[Opening Collected material section]

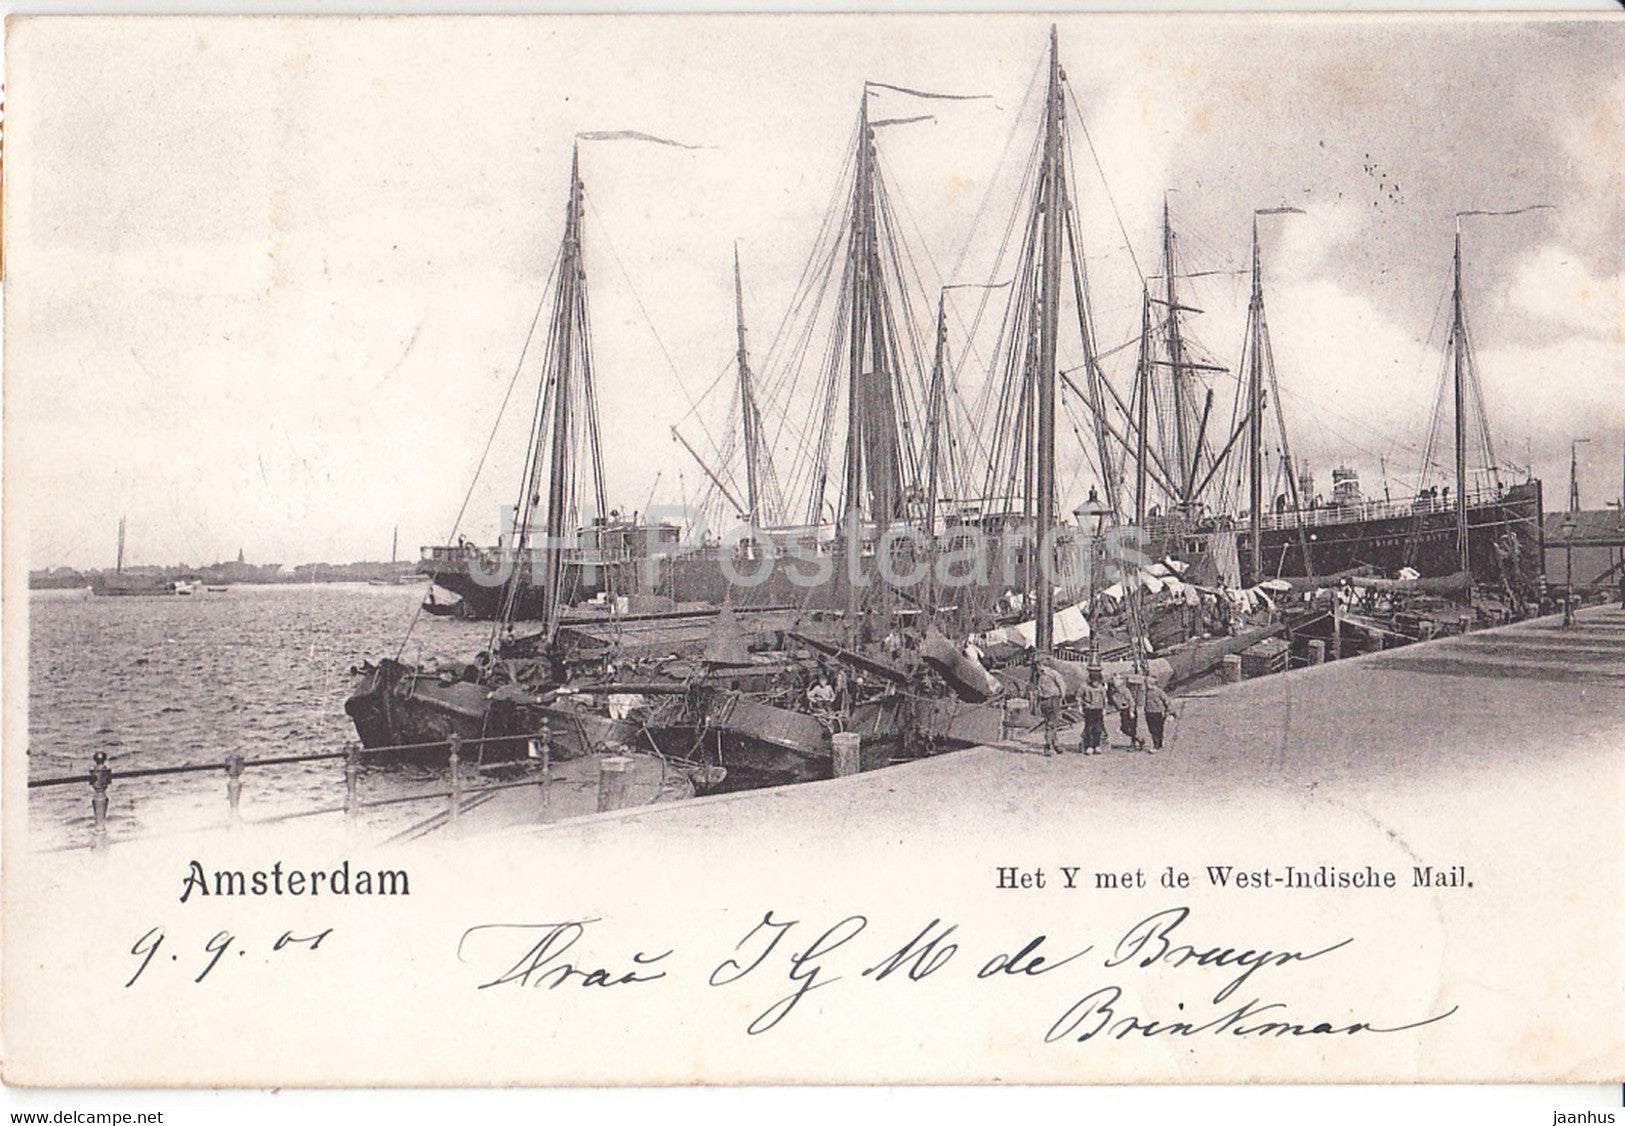 Amsterdam - Het Y  met de West Indische Mail - ship - old postcard - 1901 - Netherlands - used - JH Postcards
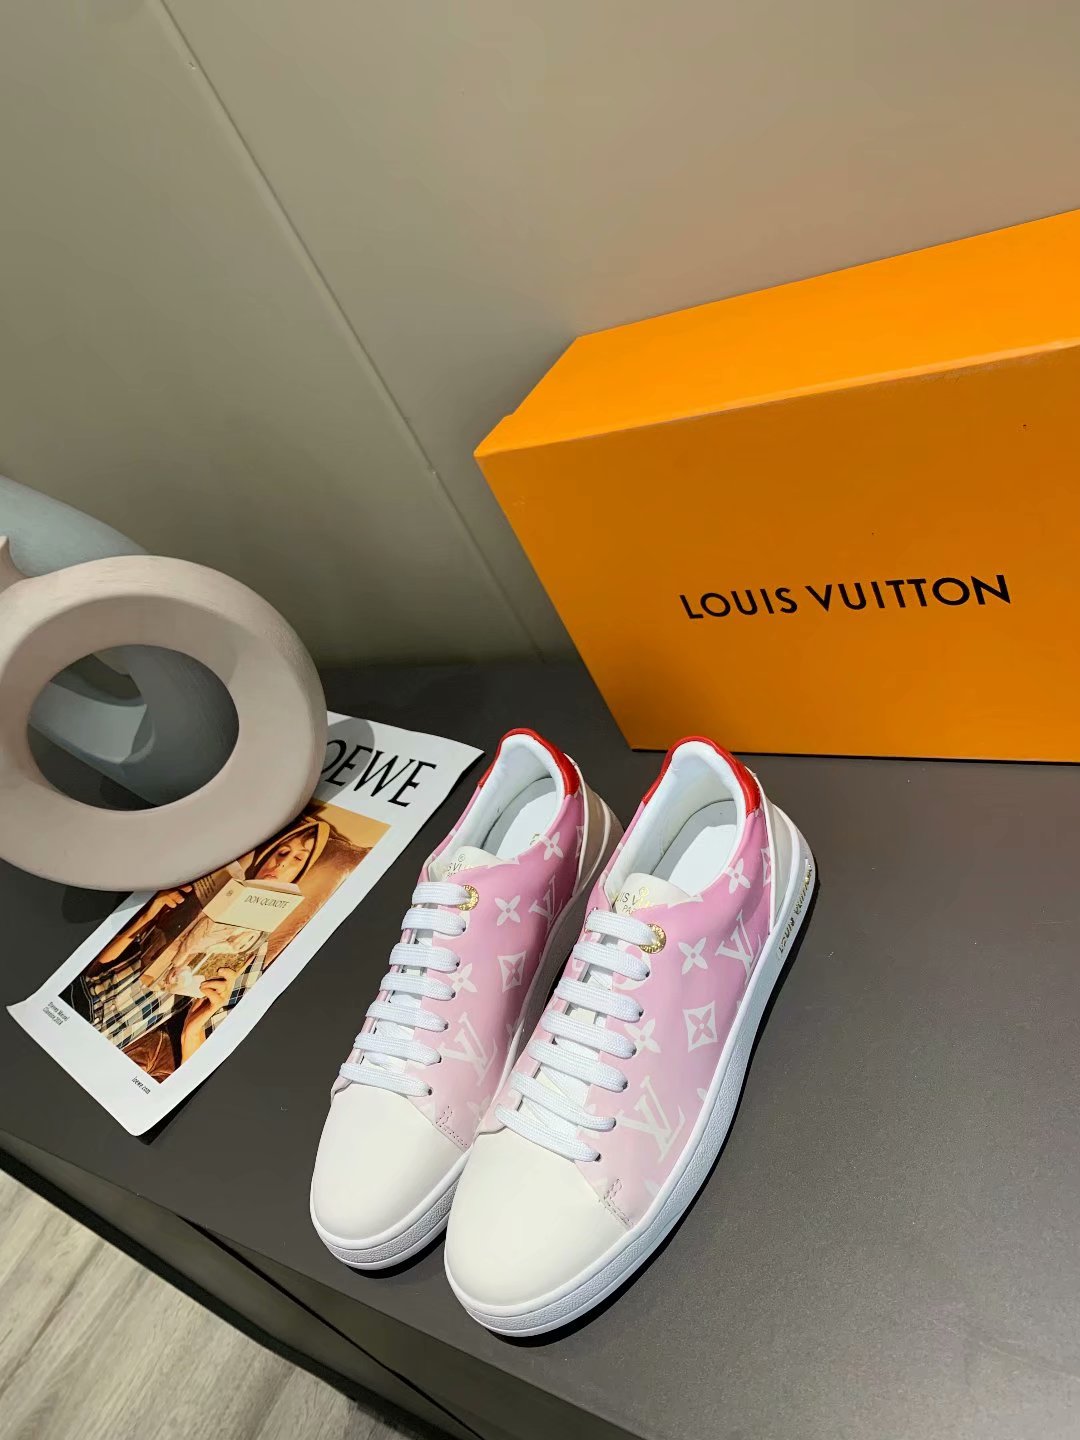 BL - LUV Time Out Orange White Sneaker
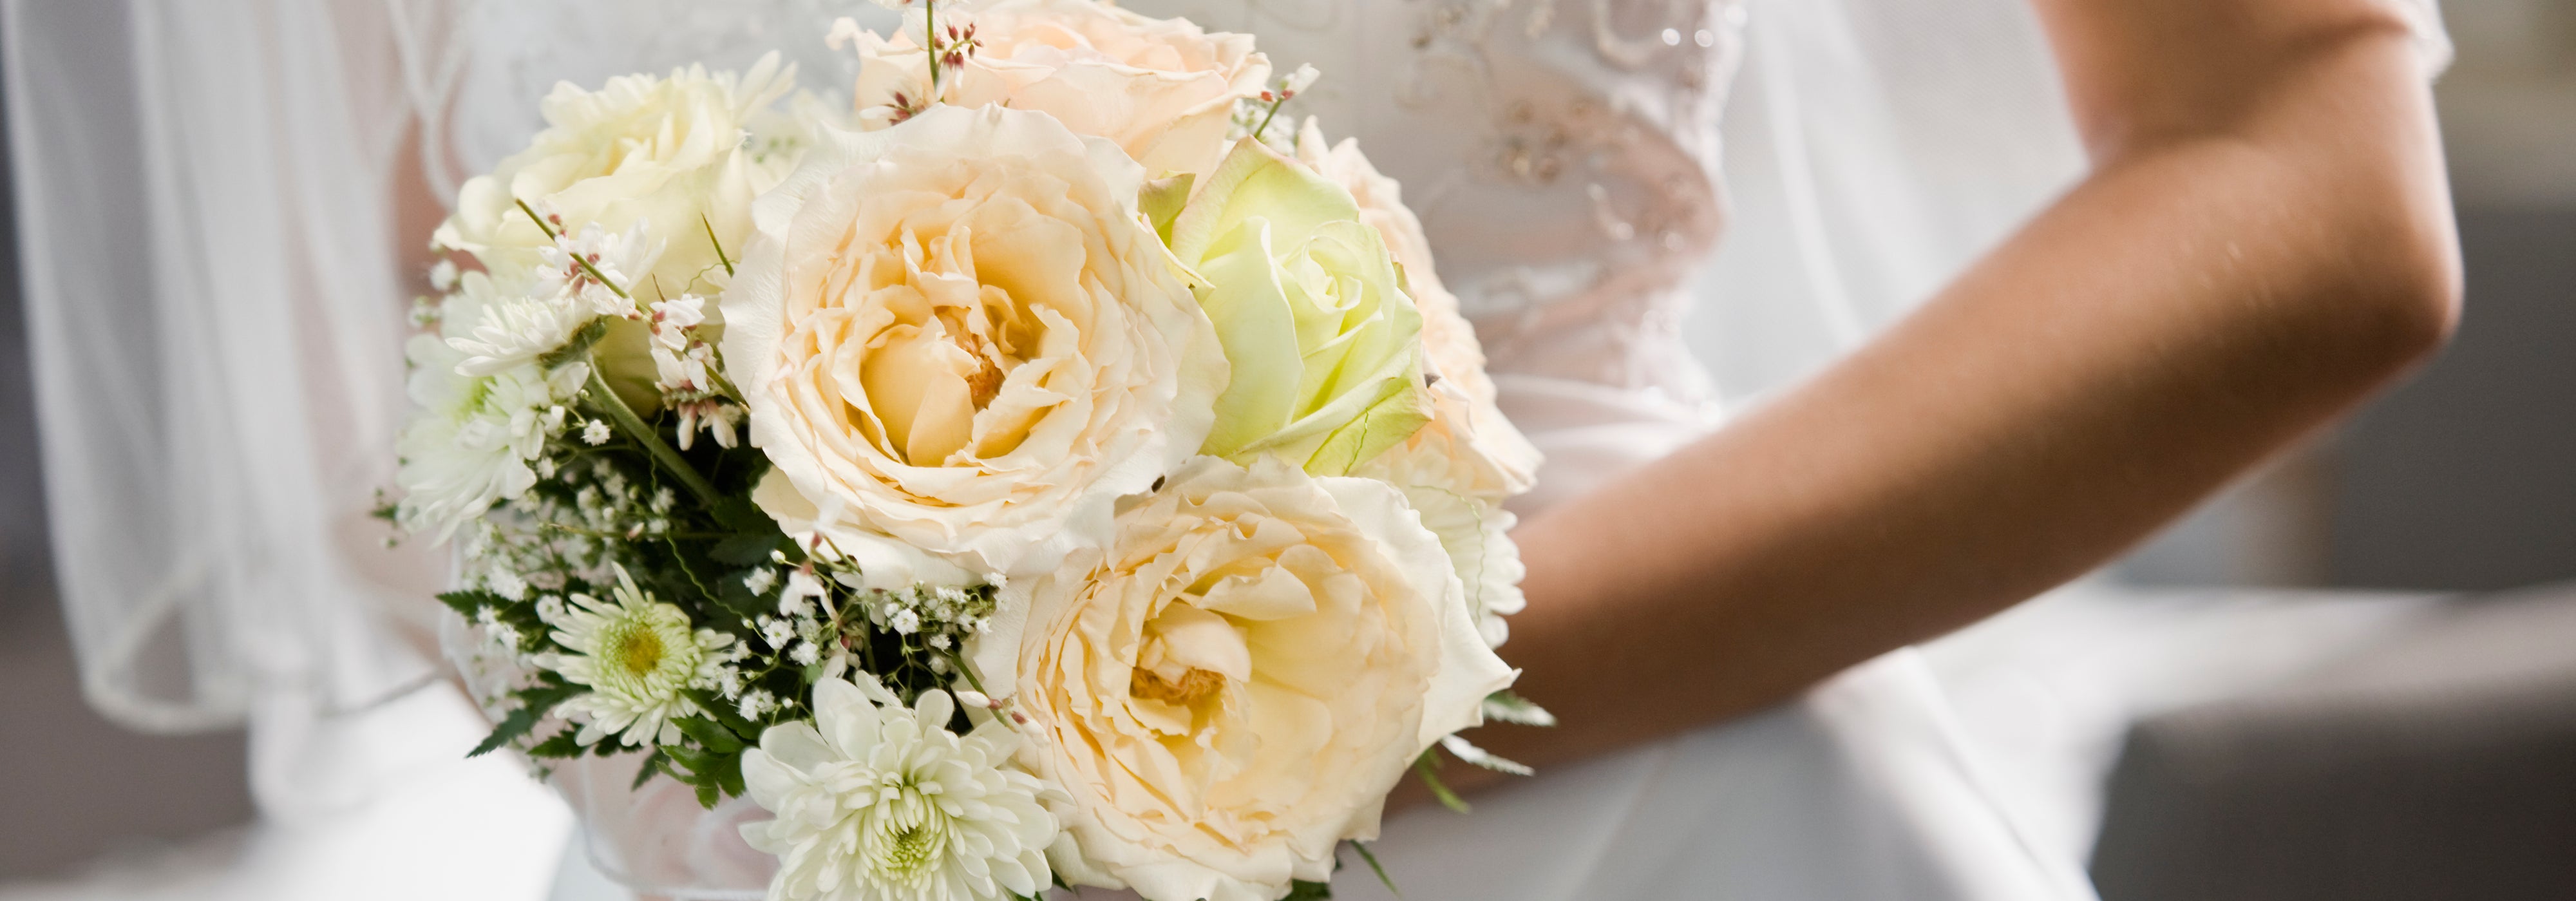 closeup of a bouquet

[Closing Collected material section]

--- Task objective ---
Reproduce all of the data exactly, omitting each picture it holds.

--- Response to the task ---
 Amsterdam - Het Y  met de West Indische Mail - ship - old postcard - 1901 - Netherlands - used - JH Postcards
 BL - LUV Time Out Orange White Sneaker
 closeup of a bouquet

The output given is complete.